Komite on beş kişiden oluşur.
Bu grup altı kişidir.
Bu trenin yedi tane vagonu var.
Bizim grubumuz beş kişiden oluşuyordu.
Kulüp on tane kadından oluşuyor.
Park sayısız ağaçtan oluşmakta.
O ahşaptan mı yoksa metalden mi yapılmıştır?
Kurul bilimci ve mühendislerden oluşuyor.
Onun hikayesi uyduruldu.
Bronz, bakır ve kalaydan oluşmaktadır.
İngiliz alfabesi yirmi altı harften oluşur.
Yanında durduğumuz göl, saf pil asidinden yapılmış.
Senin hatalı numara çevirdiğine inanıyorum.
Satranç tahtası sekiz satır ve sekiz sütundan oluşur.
bilim tutkusu olan büyük halk sağlığı hikaye anlatıcıları
Çam ağaçlarıyla ve eğrelti otlarıyla kaplı bir manzara hayal edin.
Masa ahşaptan yapılmıştır.
Bunun sebebi sabunun içinde bulunan iki yönlü moleküllerdir.
Aslına bakarsan, Çinçe yüzlerce lehçeden oluşur.
DNA dört tane nükleotitten oluşur: A, T, C ve G.
DNA dört tane nükleotitten oluşur: adenin, timin, sitozin ve guanin:
Grup altı kız ve dört adamdan yapıldı.
Çete temel olarak uyuşturucu satıcıları ve tehlikeli eski hükümlülerden oluşur.
Yardımcıları, irtibat subayları ve kuryelerden oluşan özel askeri personeli.
Bildiğim kadarıyla, bu kimyasal mikropların üremesini engelleyecek.
Bu trenin yedi tane vagondan oluşur.
Dinleyiciler çoğunlukla öğrencilerden oluşuyordu.
Yeni doğmuş bir bebeğin yüzde 70'i sudur.

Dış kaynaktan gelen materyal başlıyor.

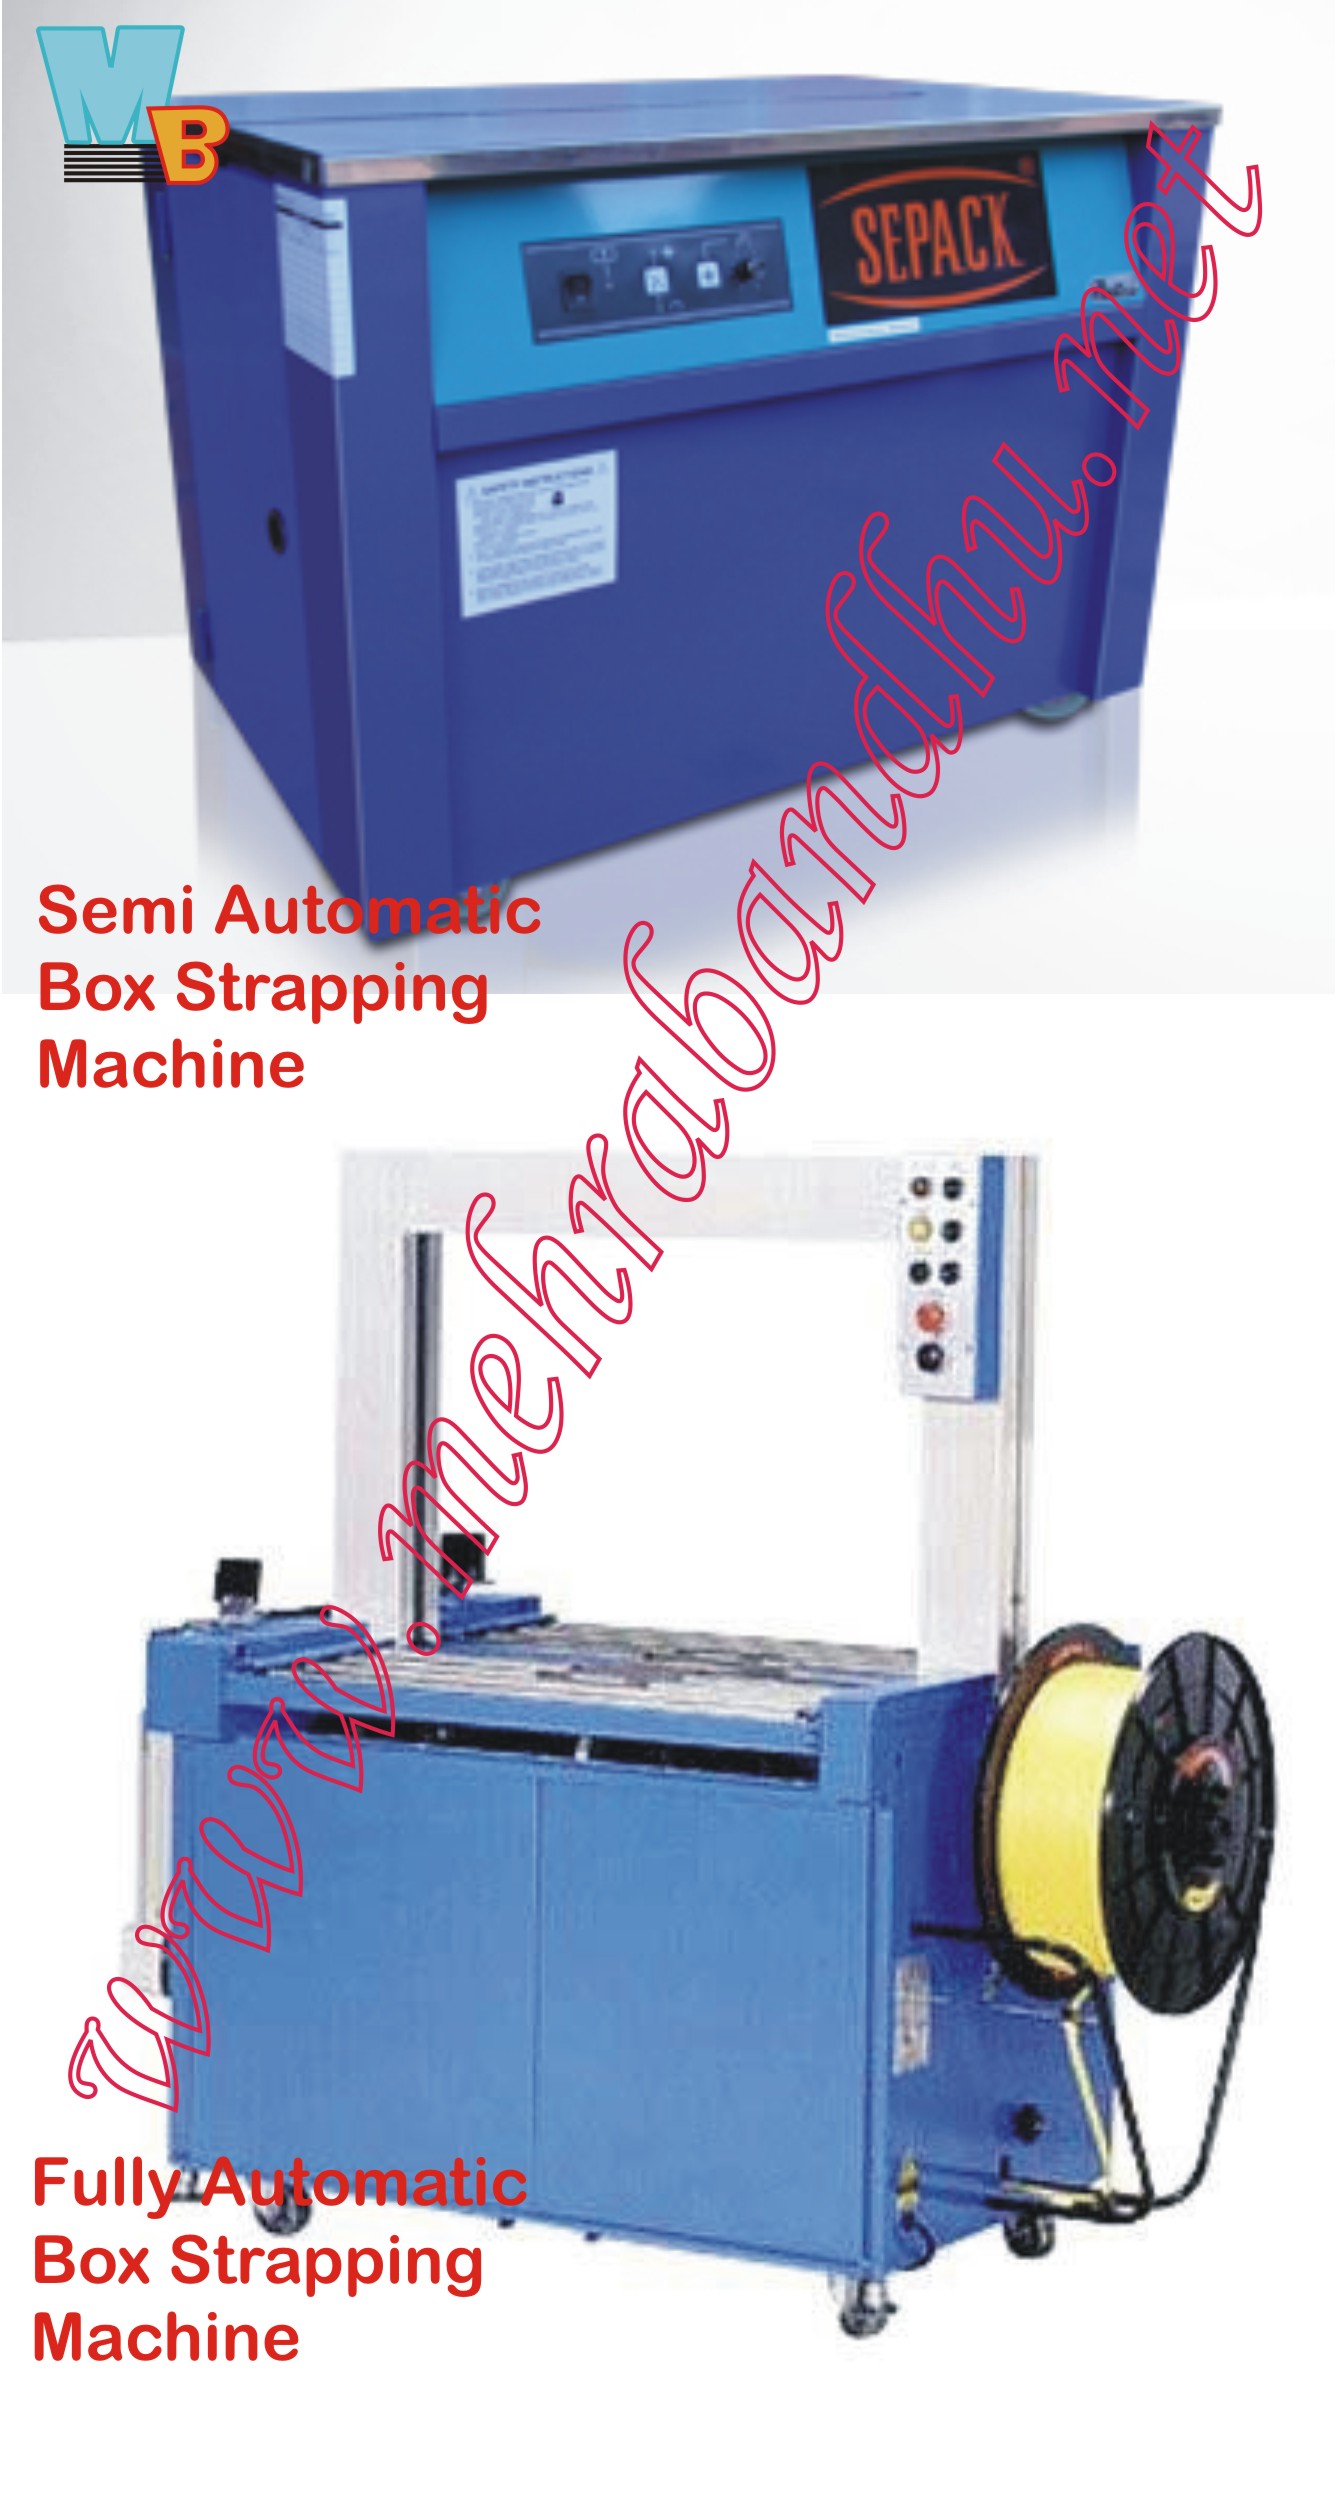 Manufacturers Exporters and Wholesale Suppliers of Semi Automatic Strapping machines Varanasi Uttar Pradesh

Yetişkinlerin yüzde 55-60'ı sudur.
Üzgünüm, yanlış numara çevirdim.
Bu kitap, biyolog Ernst Haeckel'in yolculukları sırasında üzerinde çalıştığı canlıları gösteren yüz adet taşbaskıdan oluşmaktadır.
Bir bento haşlanmış pirinç ve deniz yosunundan yapılan küçük bir yemektir, bu ucuz ahşap kutularda satılmaktadır.
Sabun neyden yapılır?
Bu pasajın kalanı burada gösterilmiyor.